___ Entries supplied

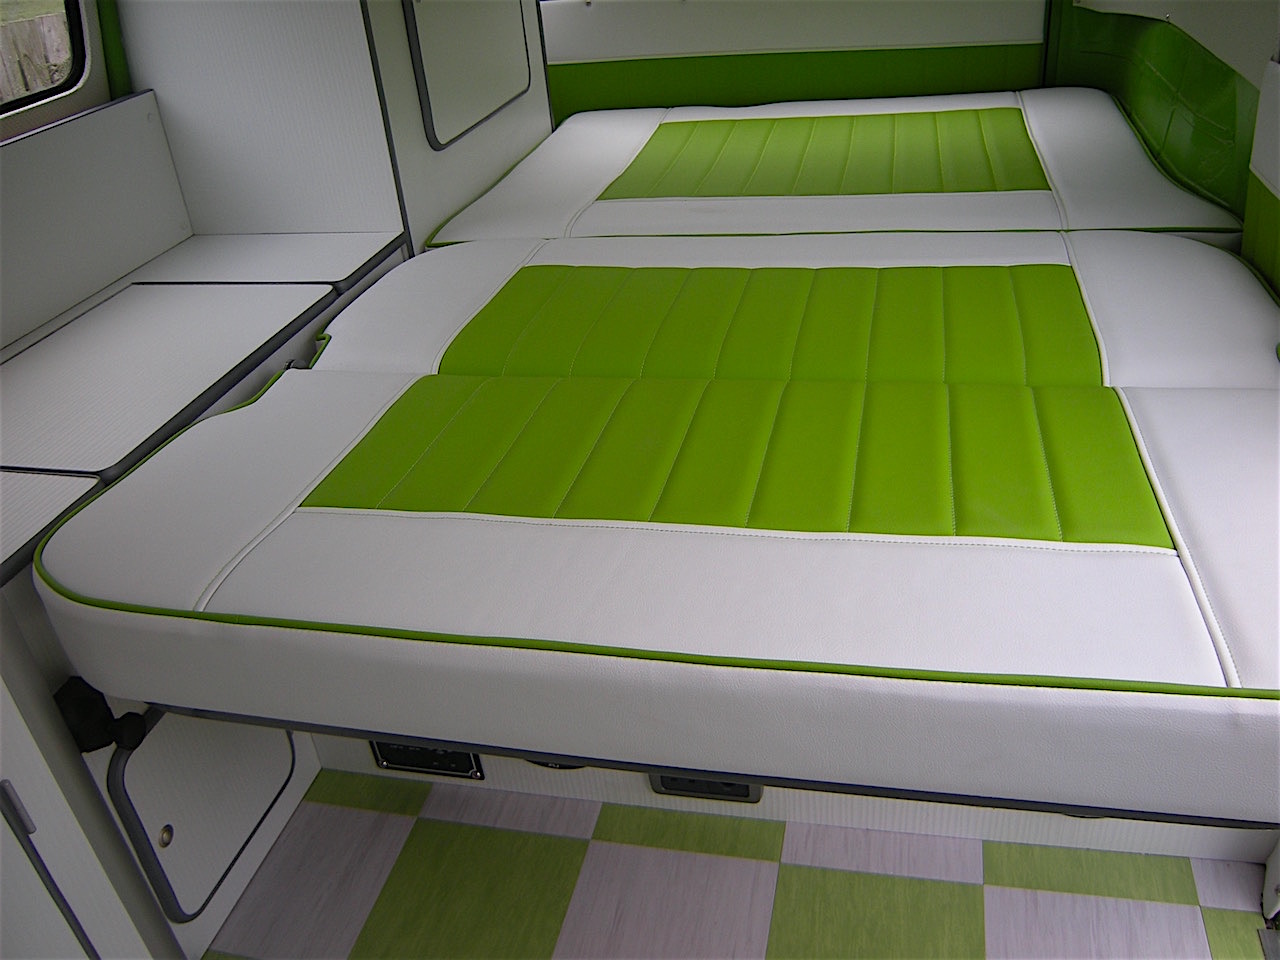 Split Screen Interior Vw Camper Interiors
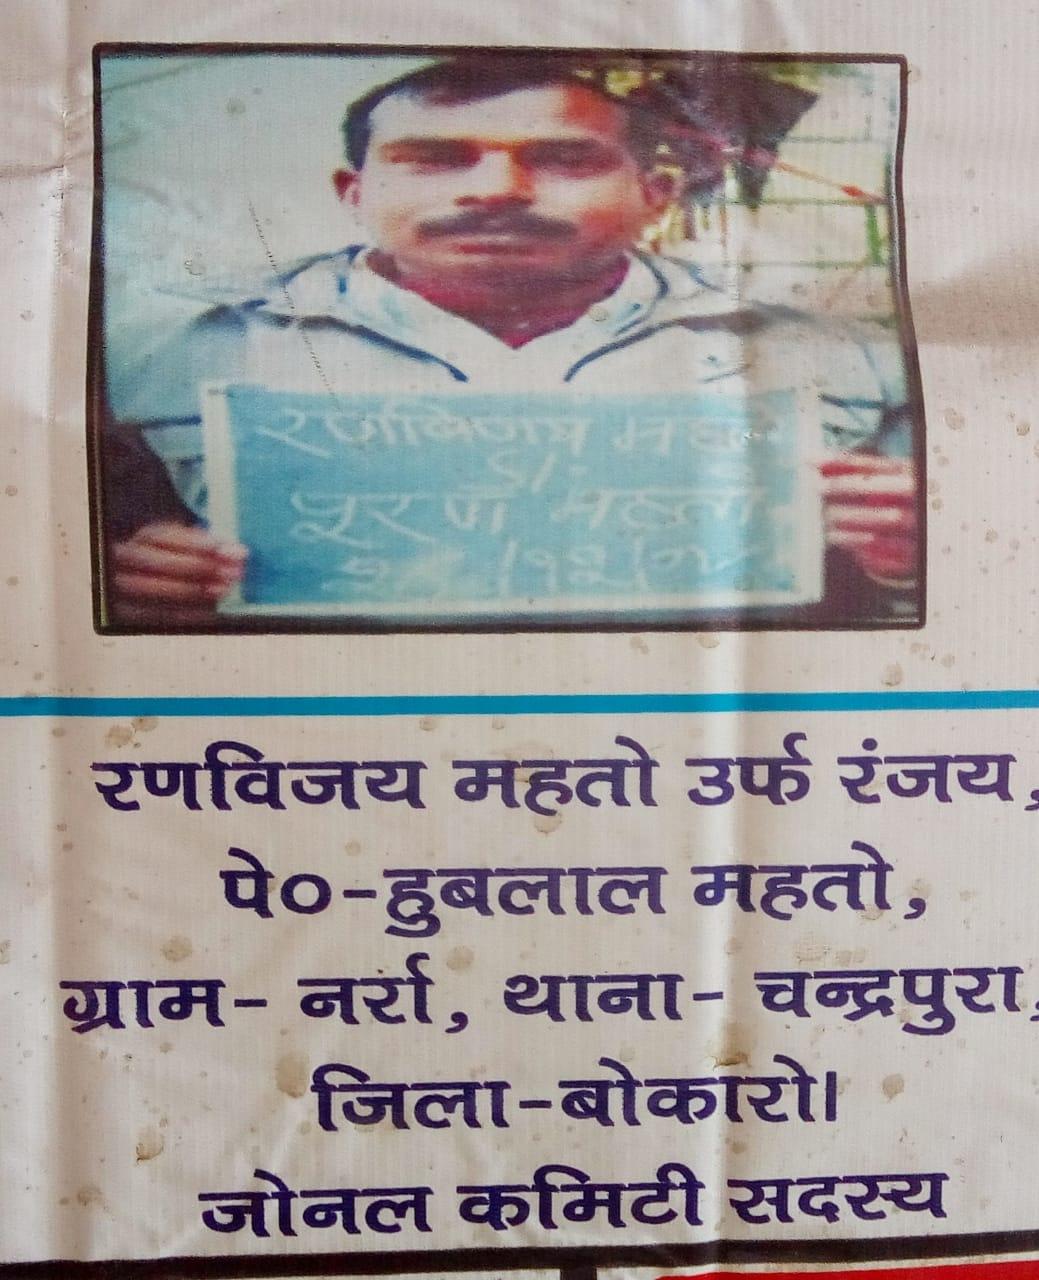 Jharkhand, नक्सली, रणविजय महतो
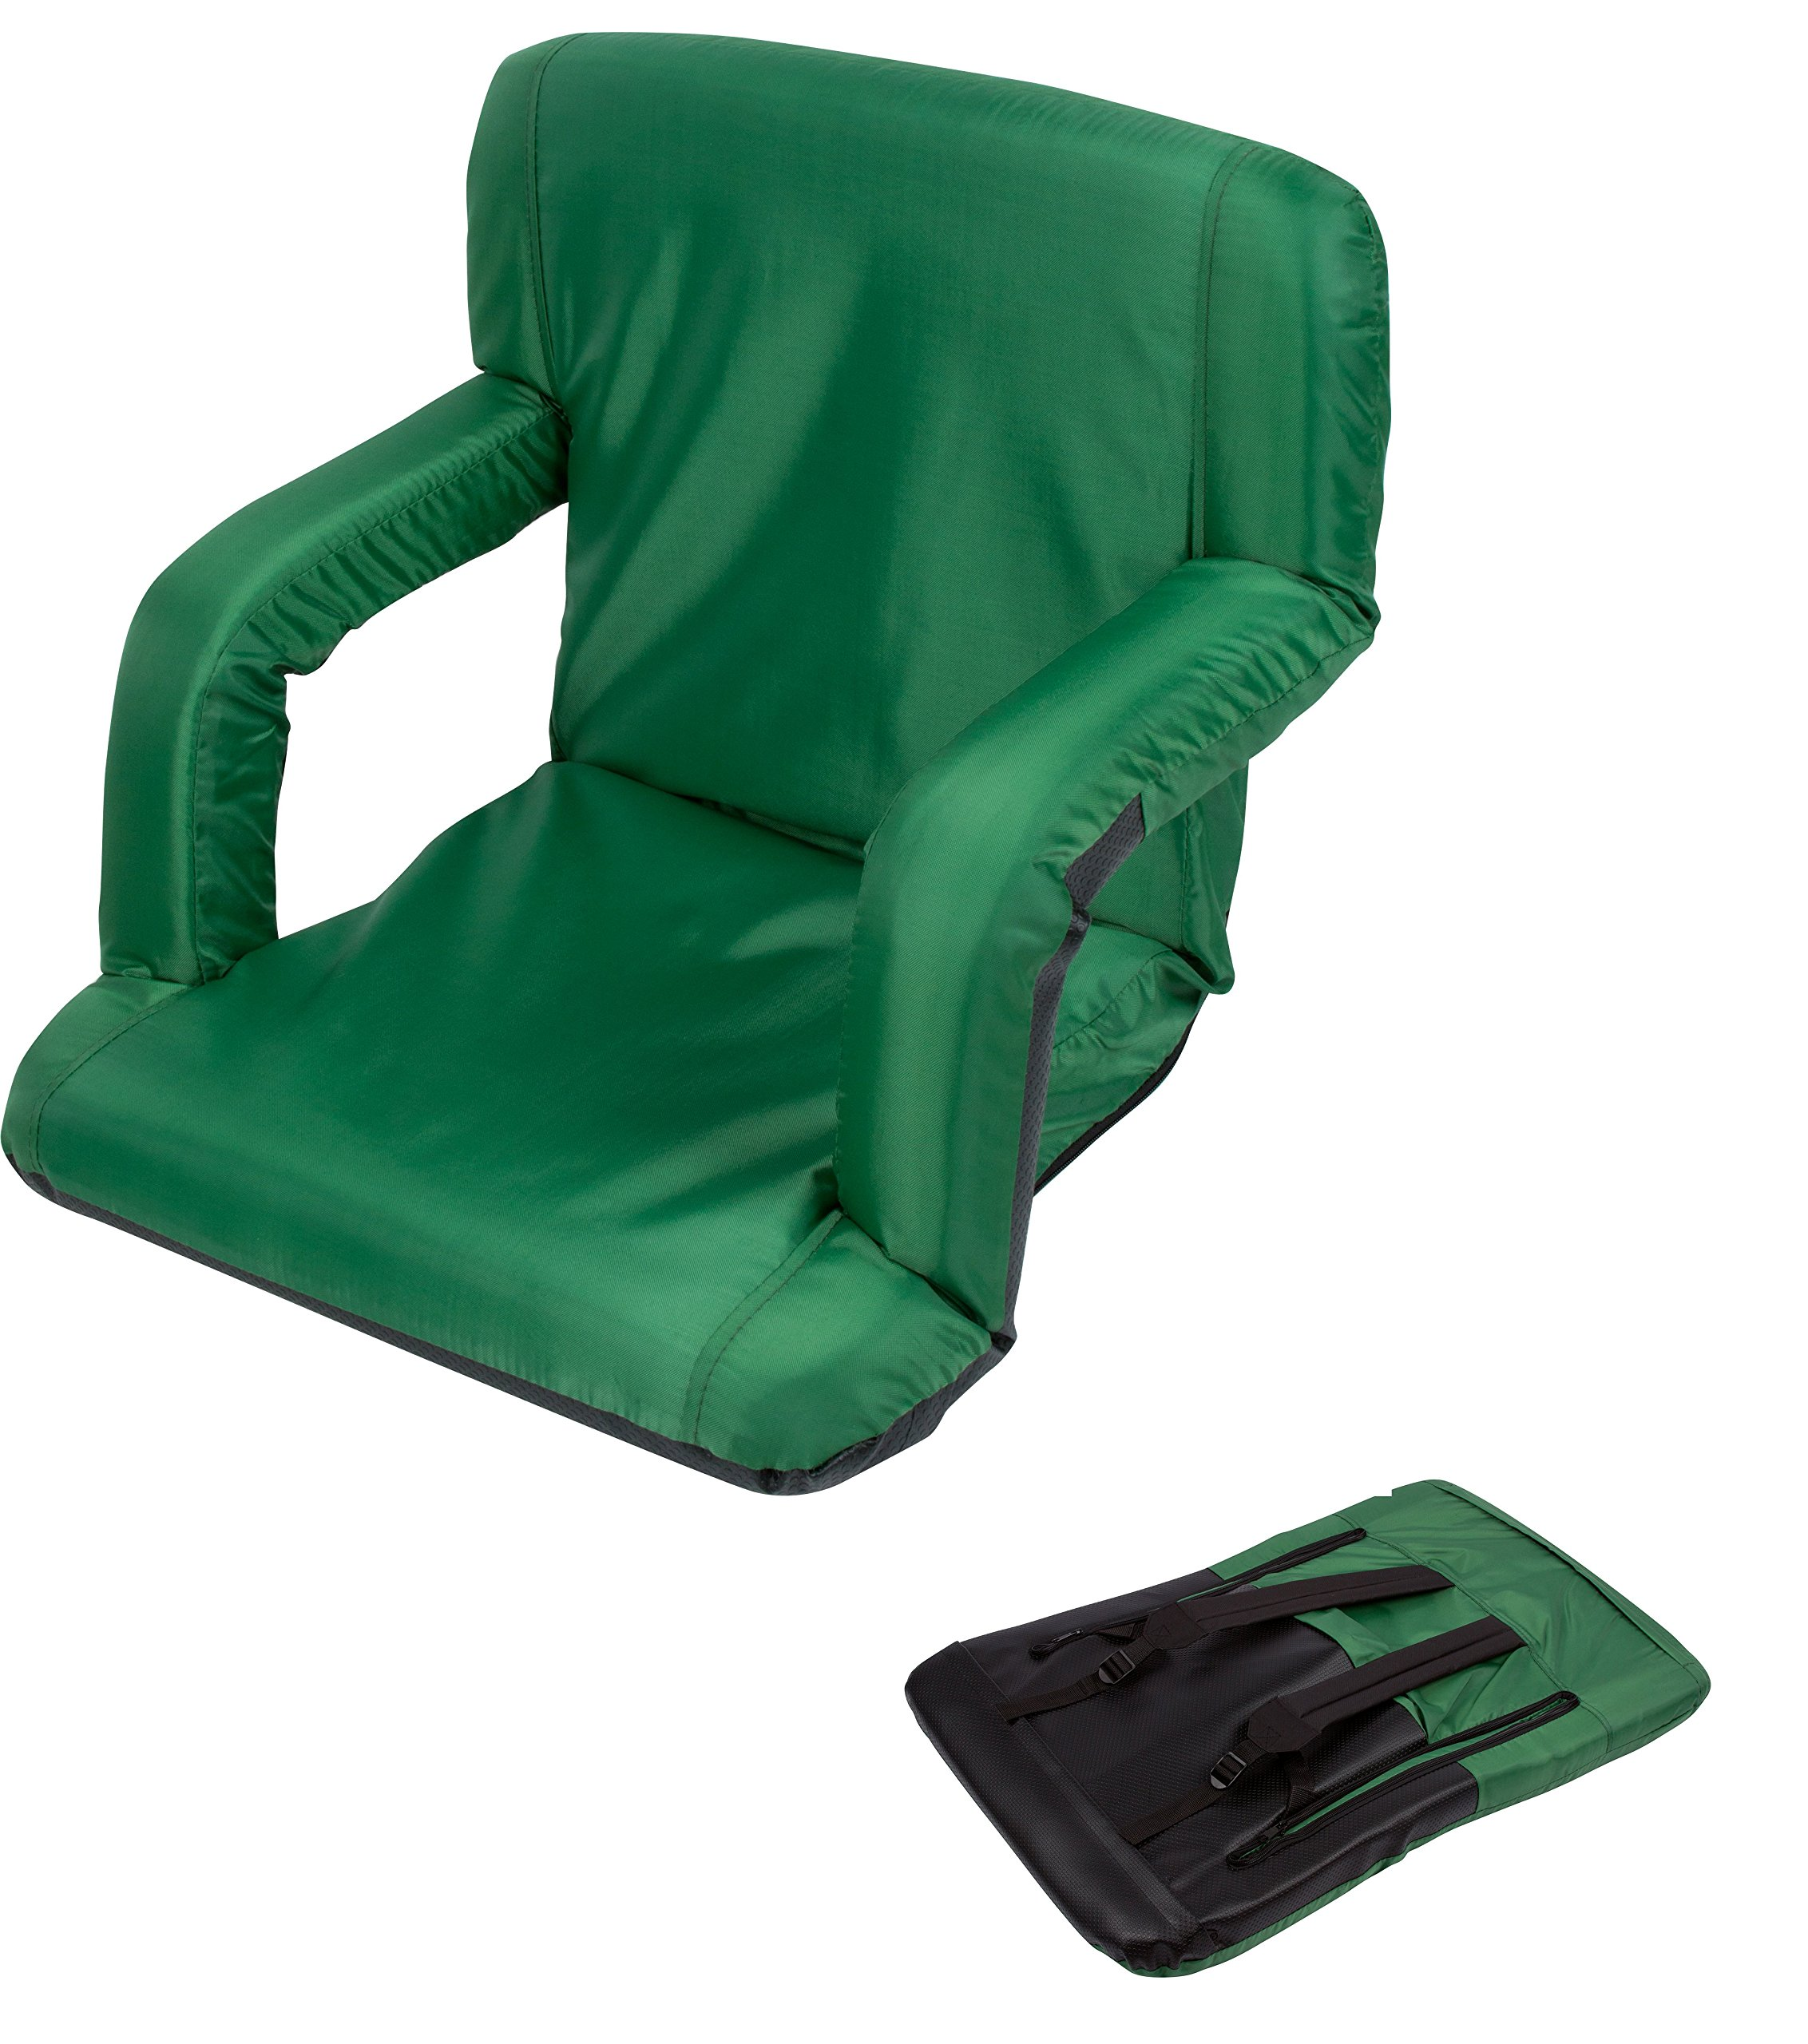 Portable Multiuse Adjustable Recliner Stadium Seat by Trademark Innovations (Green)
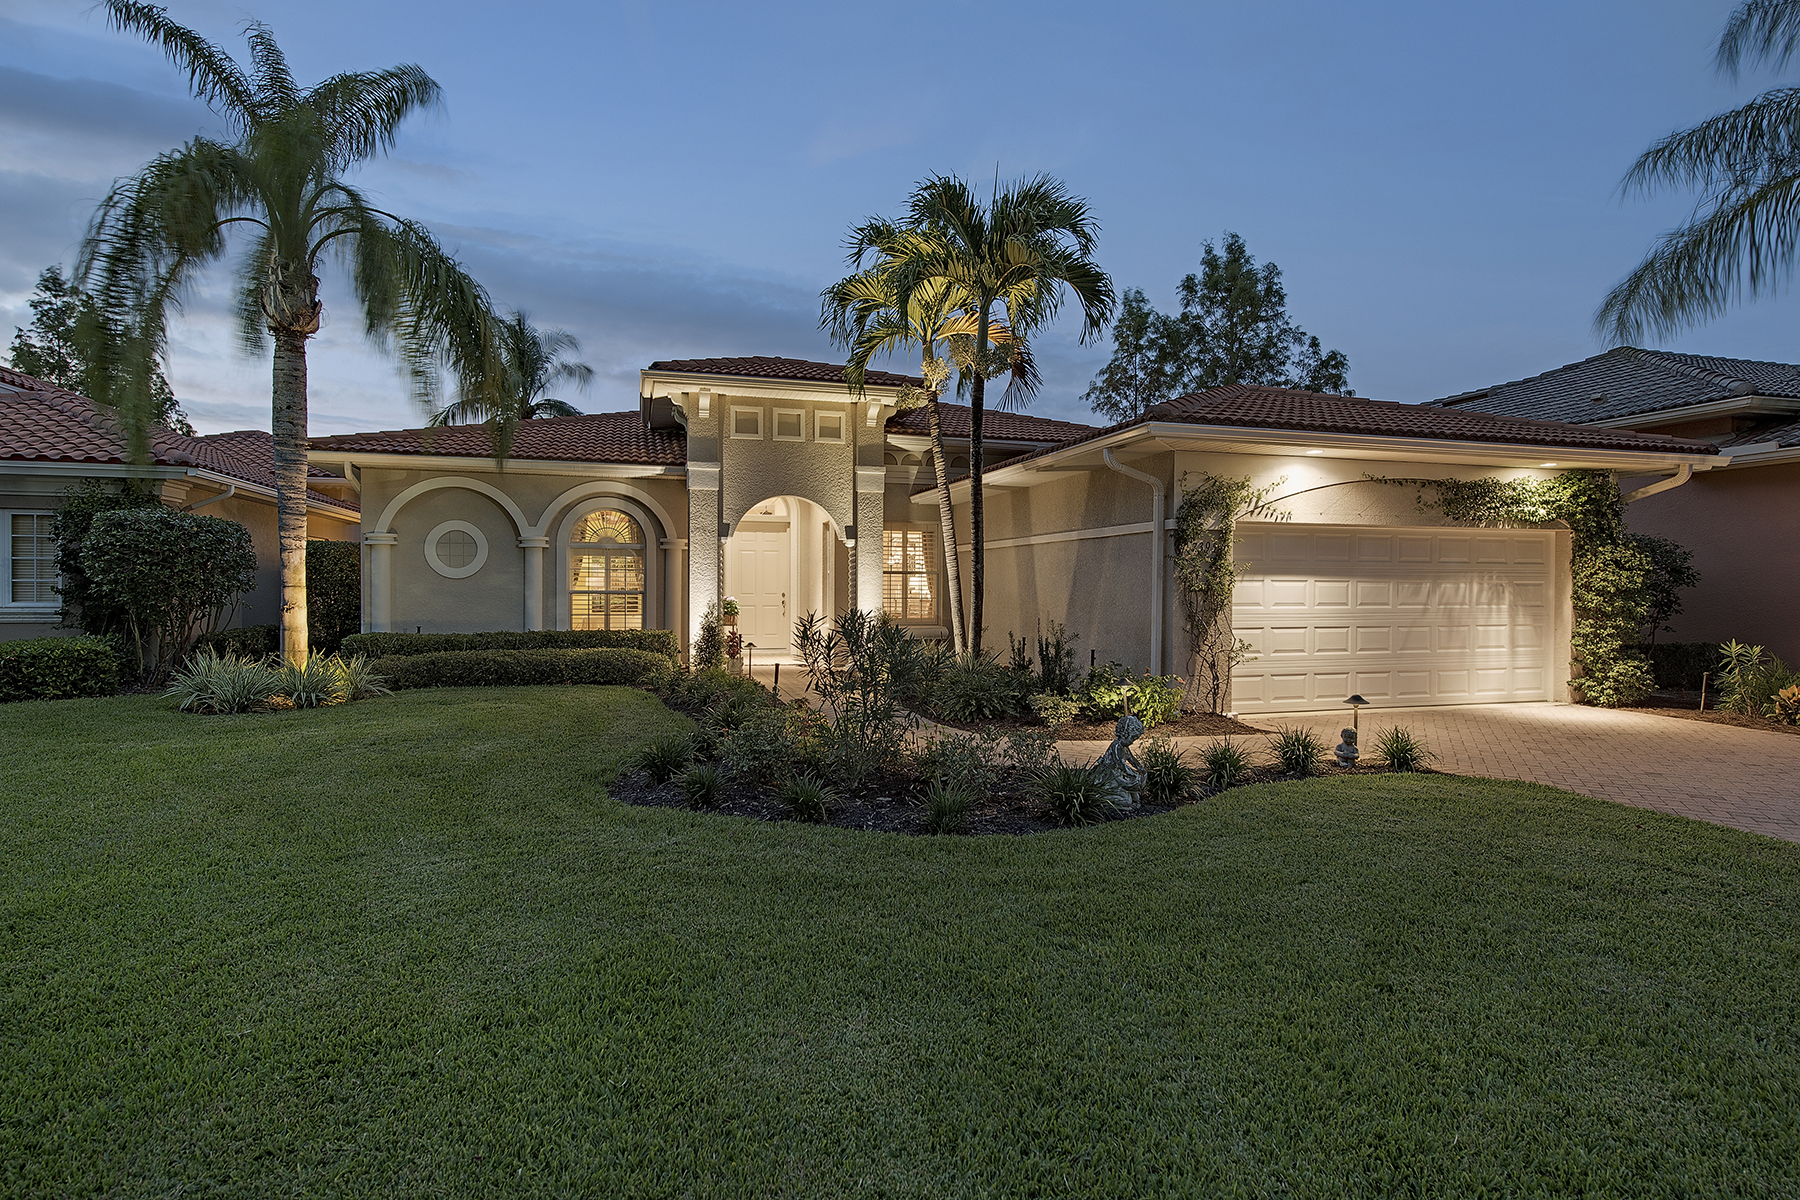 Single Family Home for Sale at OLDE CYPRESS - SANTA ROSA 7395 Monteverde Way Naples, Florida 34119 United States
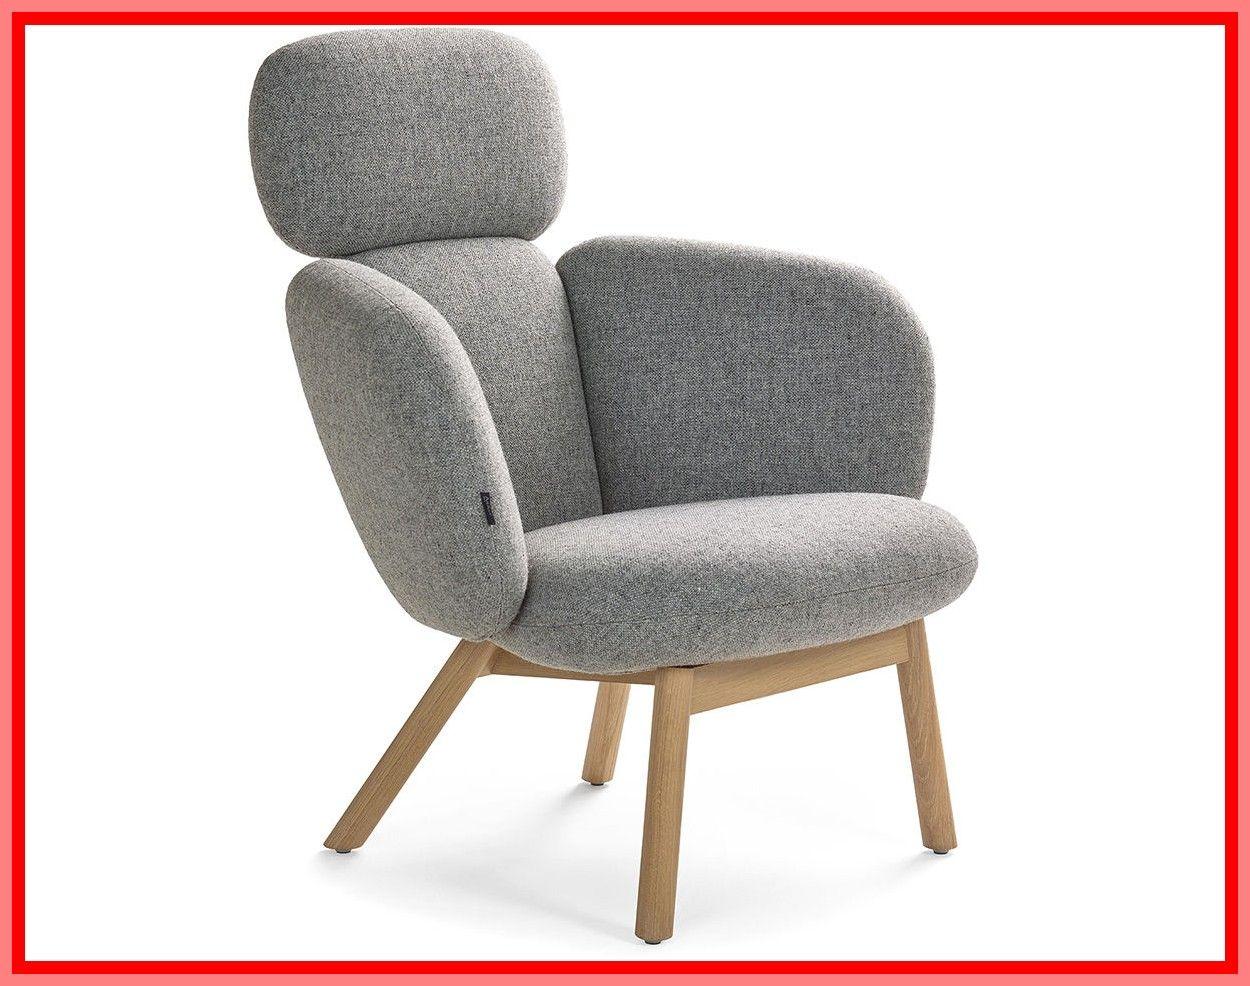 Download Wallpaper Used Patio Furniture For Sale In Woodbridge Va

______

→ **Assignment**:
Please return the lines from the line with "Jharkhand, नक्सली, रणविजय महतो" through the last line of the data, both included, exactly, and without pictures.

→ **Answer to the problem**:
 Jharkhand, नक्सली, रणविजय महतो
 Portable Multiuse Adjustable Recliner Stadium Seat by Trademark Innovations (Green)
 Single Family Home for Sale at OLDE CYPRESS - SANTA ROSA 7395 Monteverde Way Naples, Florida 34119 United States
 Download Wallpaper Used Patio Furniture For Sale In Woodbridge Va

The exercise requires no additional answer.